C’est l’extravagante justification opposée par les prud’hommes de Paris à une plainte pour licenciement abusif déposée quelques mois plus tôt.

Le salarié ce jour là ne se rend pas à son travail car il est souffrant. Le soir même, il reçoit sur son smartphone un SMS envoyé par erreur par sa patronne dont les mots sont les suivants :

« Je ne le garde pas.

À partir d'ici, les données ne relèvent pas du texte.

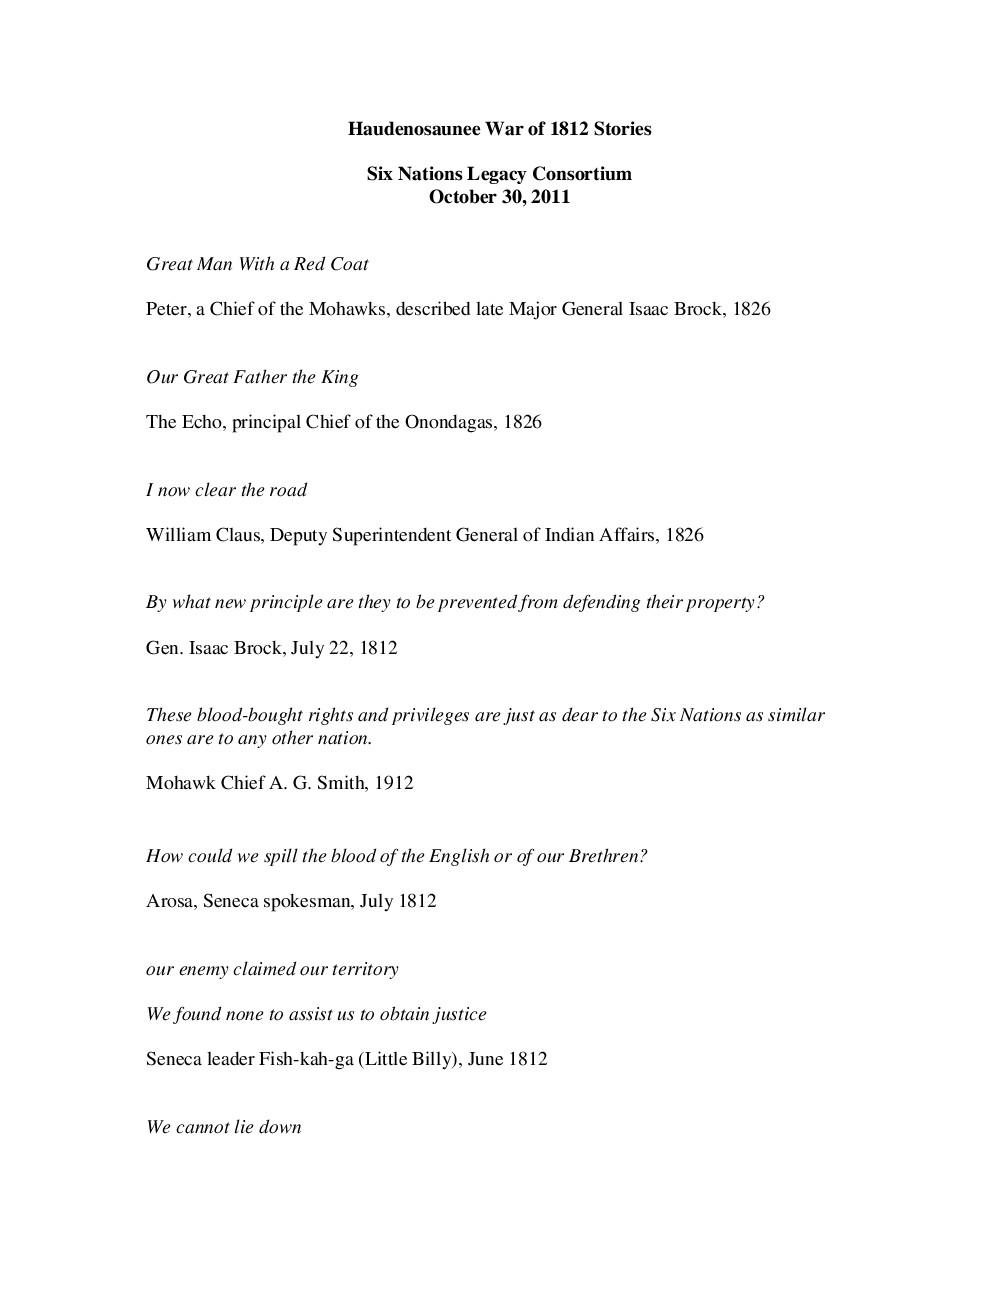 War of 1812 Series : 2012 Haudenosaunee War of 1812 Stories

Je ne le sens pas ce mec. C’est un PD, ils font tous des coups de p…»

Le lendemain l’employé recevait sa notification de licenciement.

C’est par un tweet publié sur le compte de Mathieu Brancourt journaliste santé/VIH pour la revue thérapeutique AIDES, que le jugement qui allait susciter une vague d’indignation est révélé ce jeudi 7 Avril :

Si le caractère abusif du licenciement a bien été retenu, ce ne fut pas le cas de l’insulte homophobe :

« En se plaçant dans le contexte du milieu de la coiffure, le Conseil considère que le terme de PD employé par la manager ne peut être retenu comme propos homophobe car il est reconnu que les salons de coiffure emploient régulièrement des personnes homosexuelles, notamment dans les salons de coiffure féminins, sans que cela ne pose de problèmes. »

Si la ministre du travail qualifie les fait de » profondément scandaleux », l’association Le Refuge a d’ores et déjà fait elle aussi connaitre sa colère par rapport à cet arrêté.

La victime qui a souhaité conservé l’anonymat, a quant à elle décidé de faire appel et de saisir le Défenseur des droits.